Task instructions: Your copy must hold all of the data below, unchanged and without images.

Raw data:
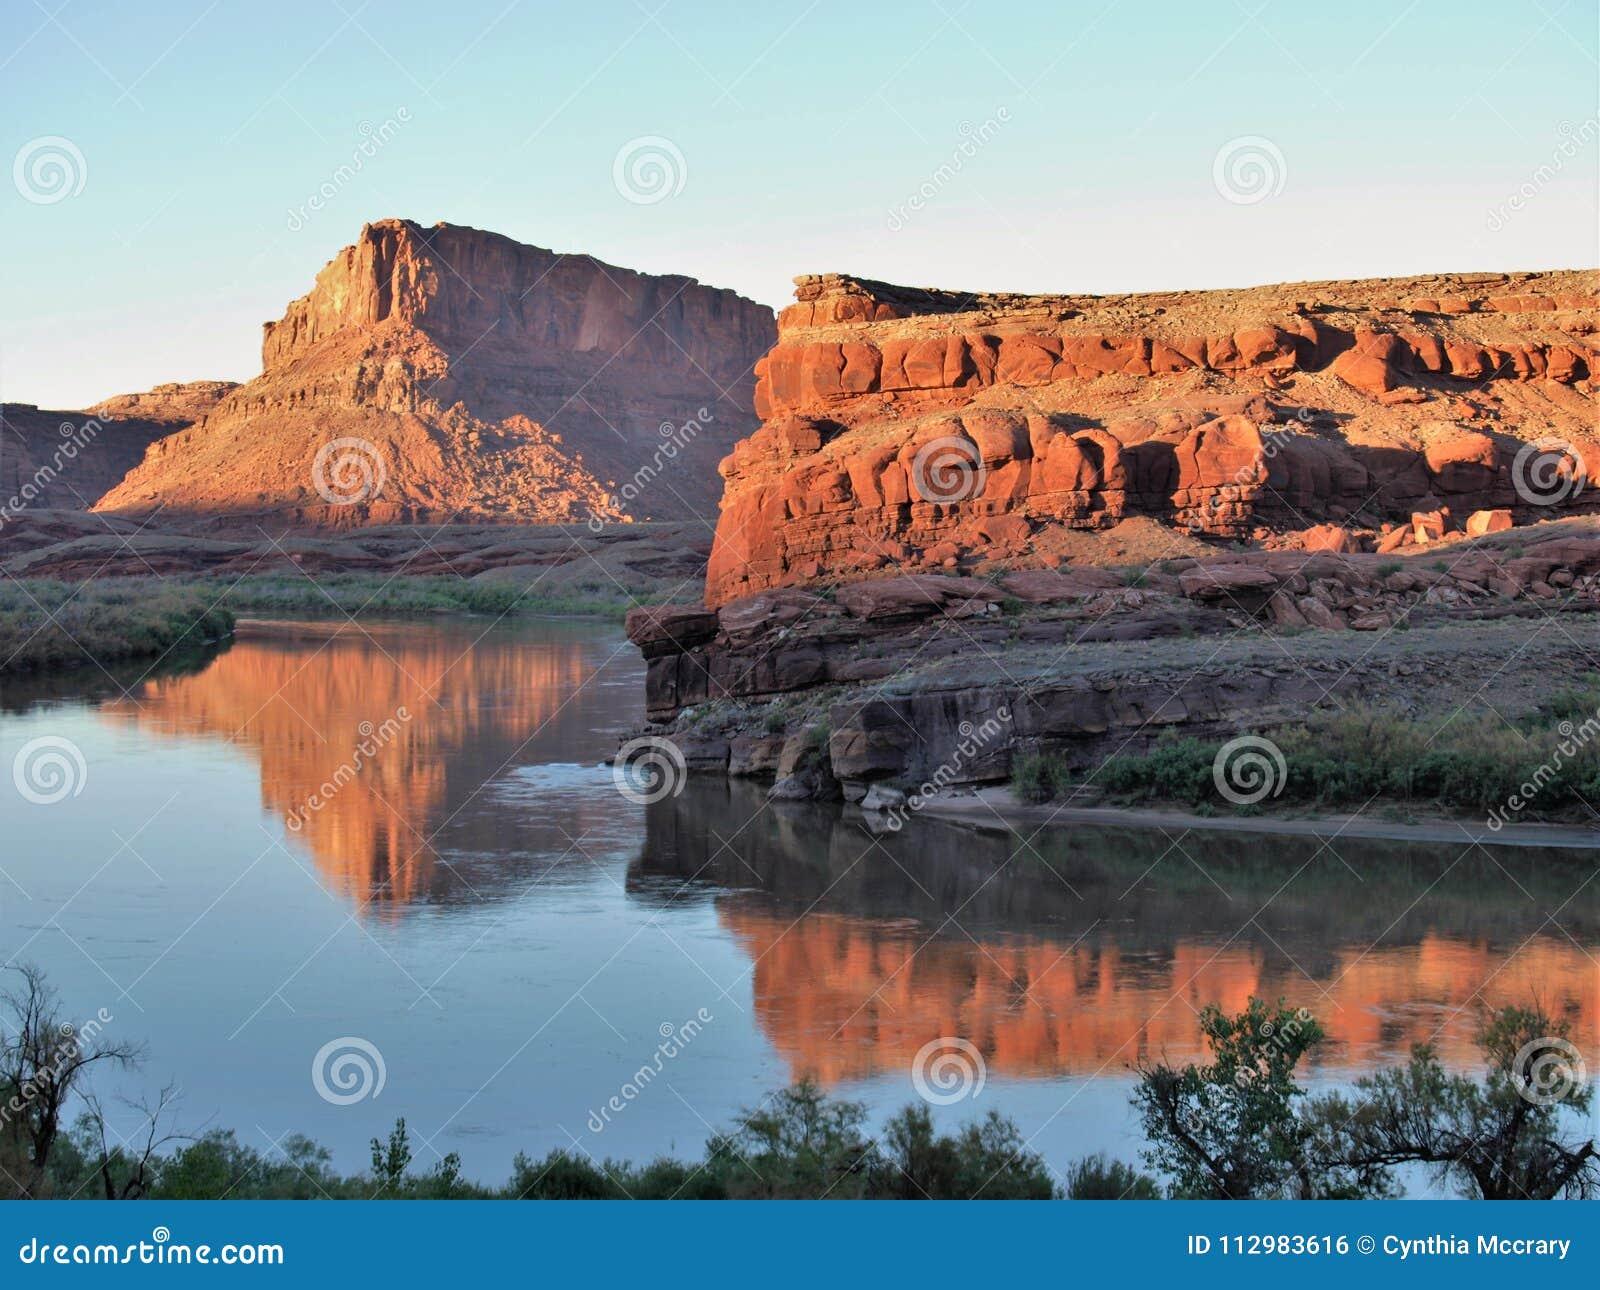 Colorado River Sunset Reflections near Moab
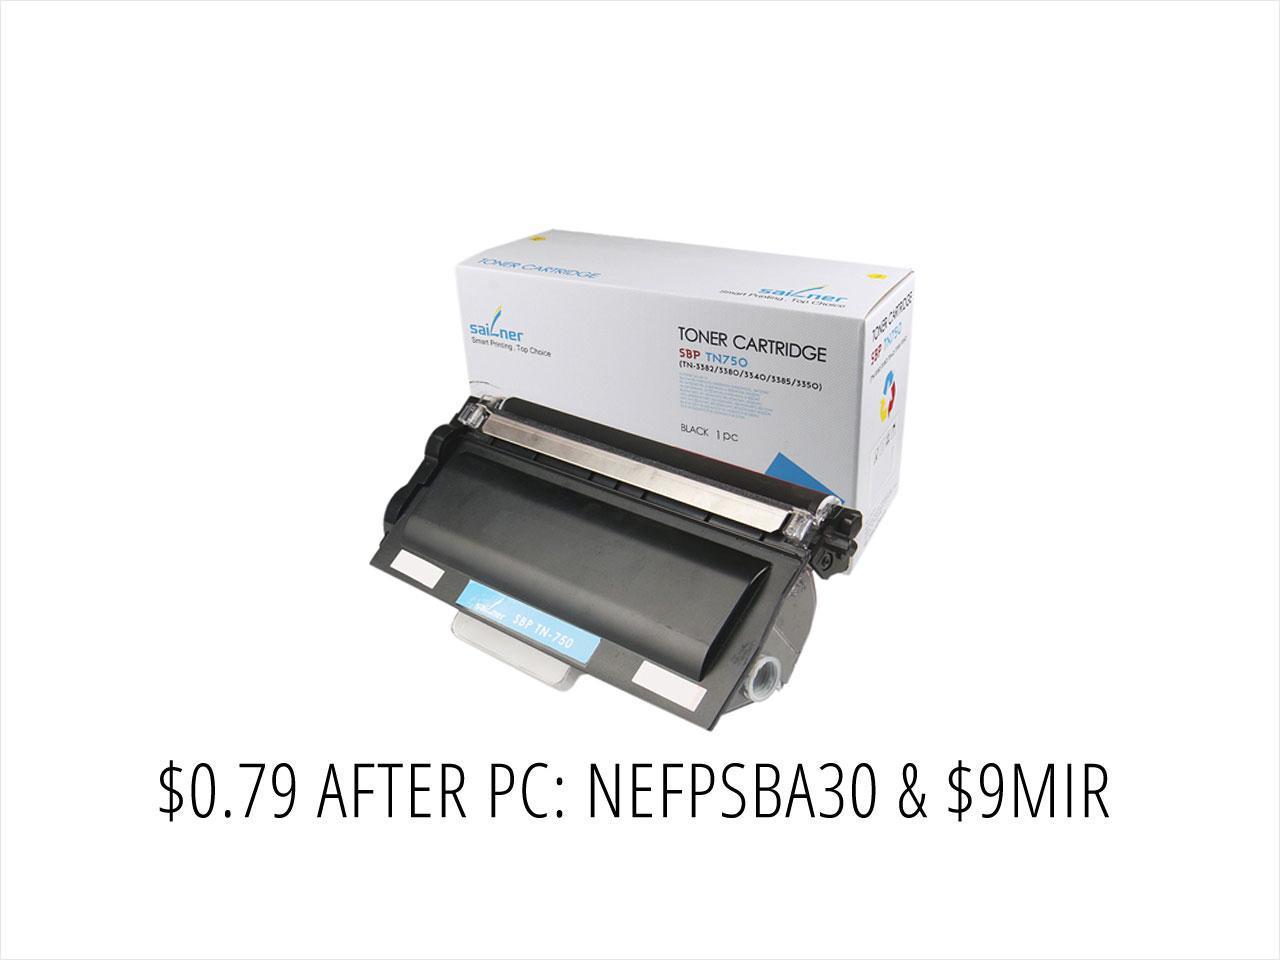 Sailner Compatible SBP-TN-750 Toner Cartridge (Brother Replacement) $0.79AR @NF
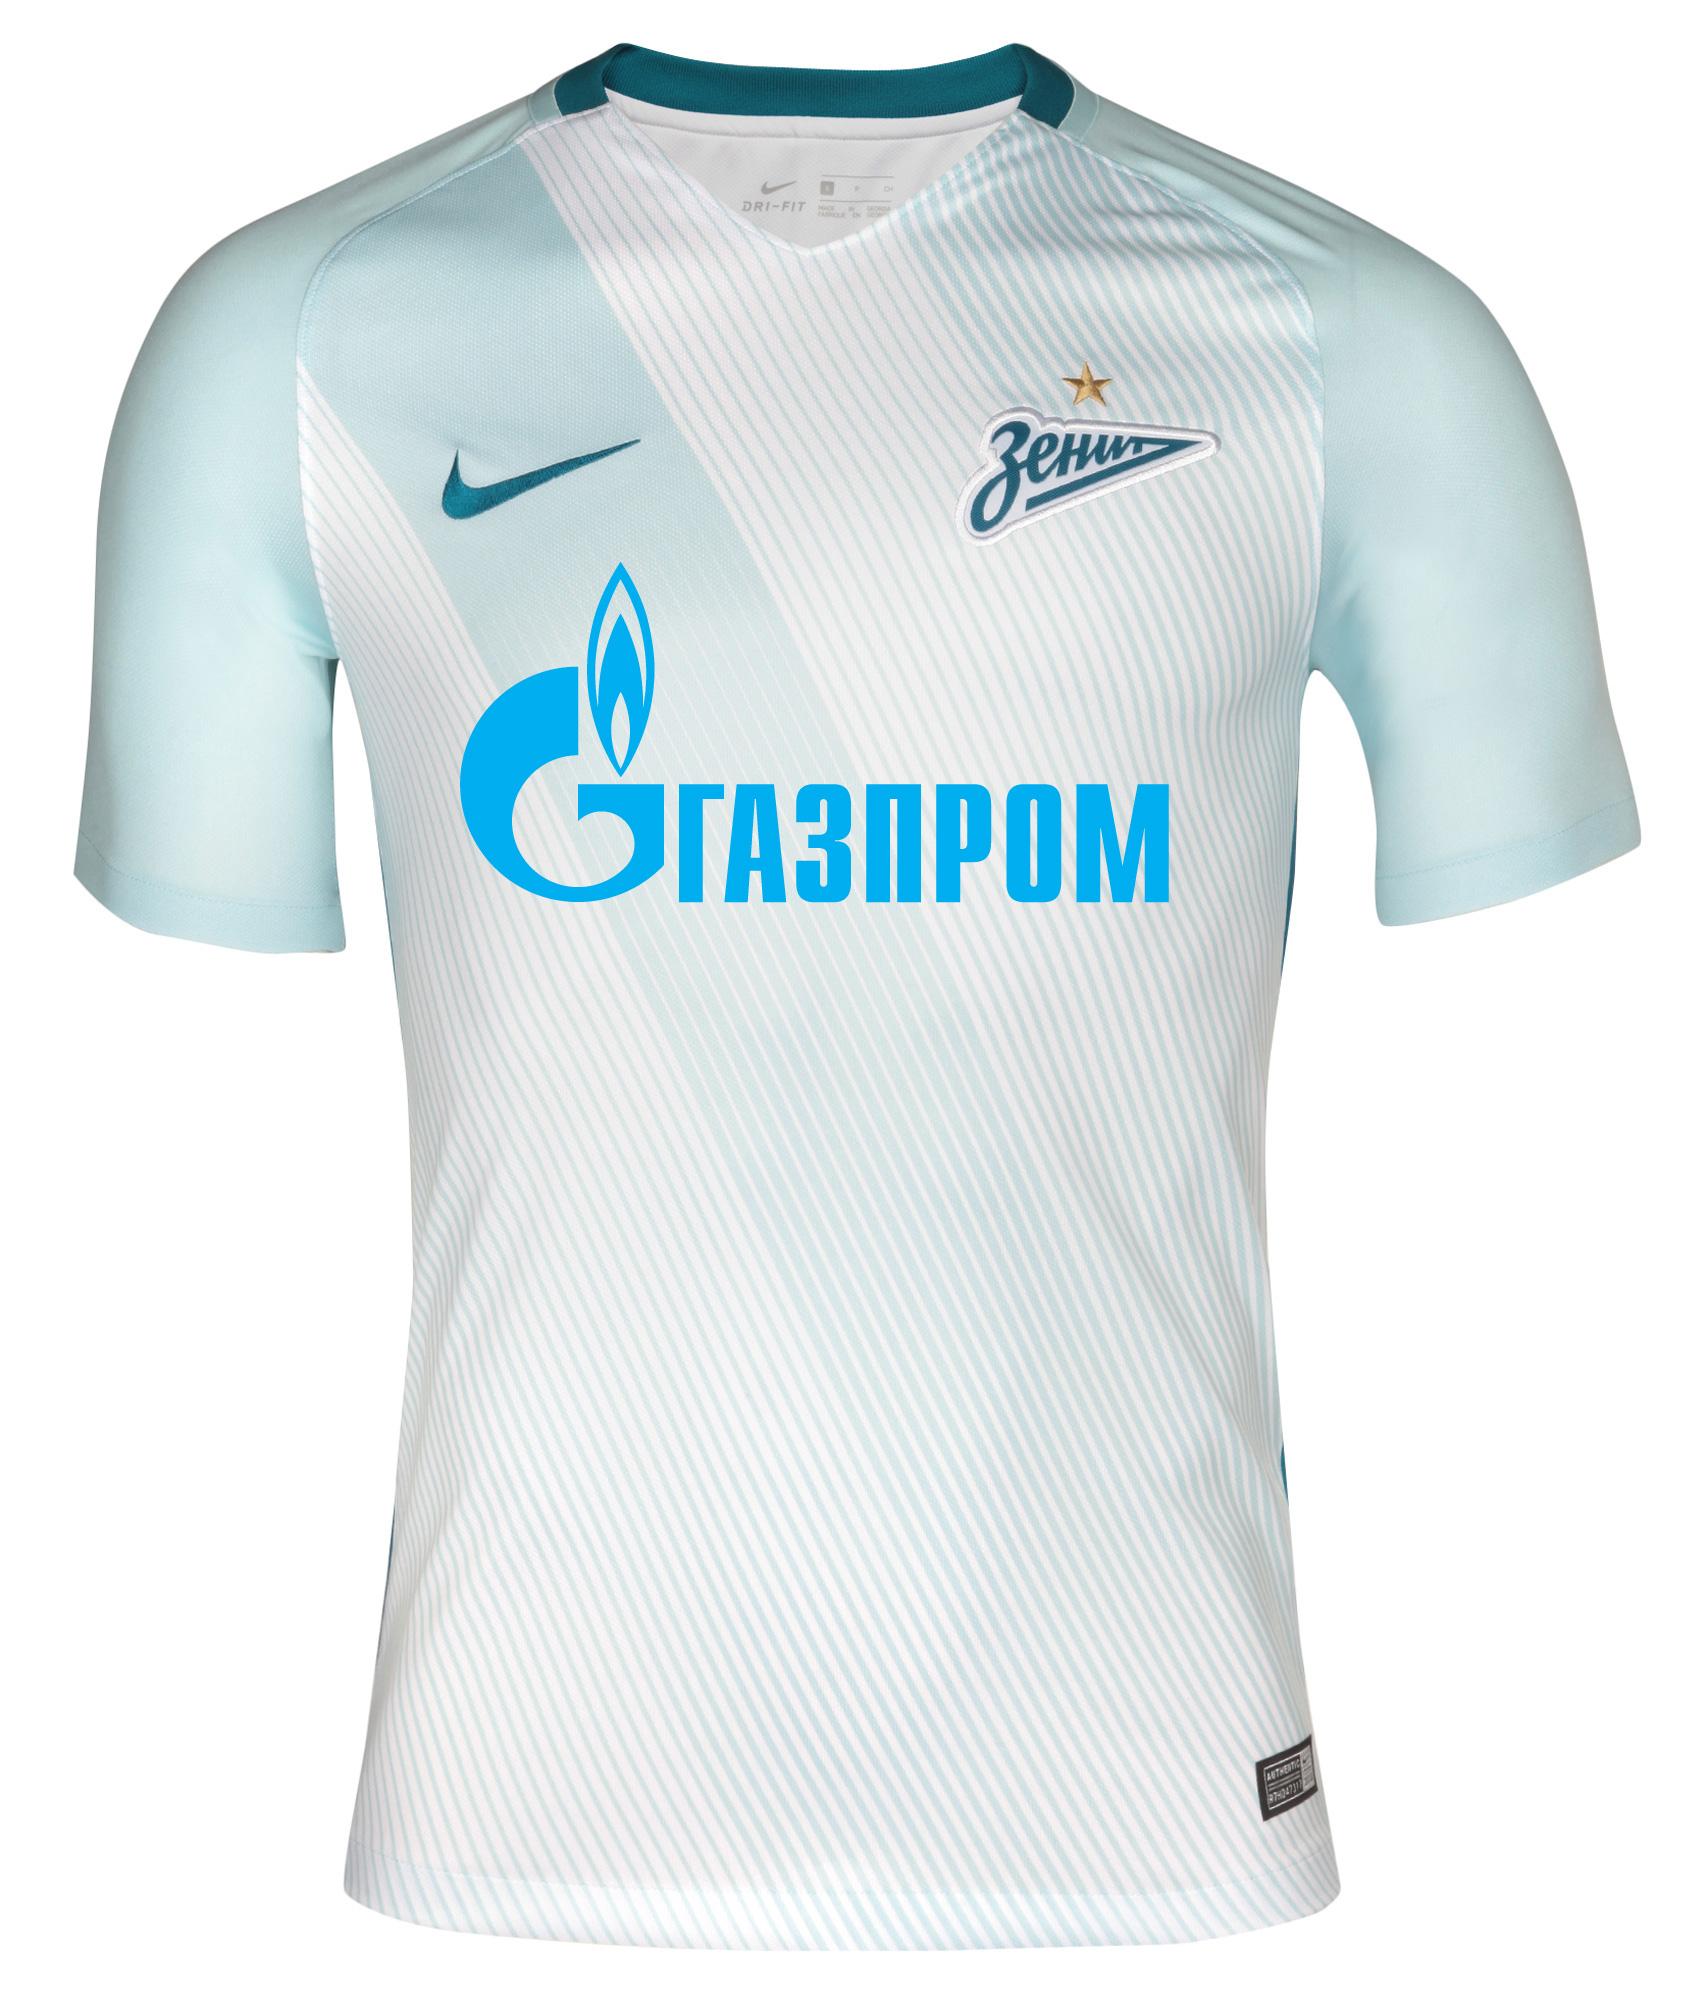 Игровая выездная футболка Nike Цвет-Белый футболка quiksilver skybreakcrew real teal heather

Task answer:
 Colorado River Sunset Reflections near Moab
 Sailner Compatible SBP-TN-750 Toner Cartridge (Brother Replacement) $0.79AR @NF
 Игровая выездная футболка Nike Цвет-Белый футболка quiksilver skybreakcrew real teal heather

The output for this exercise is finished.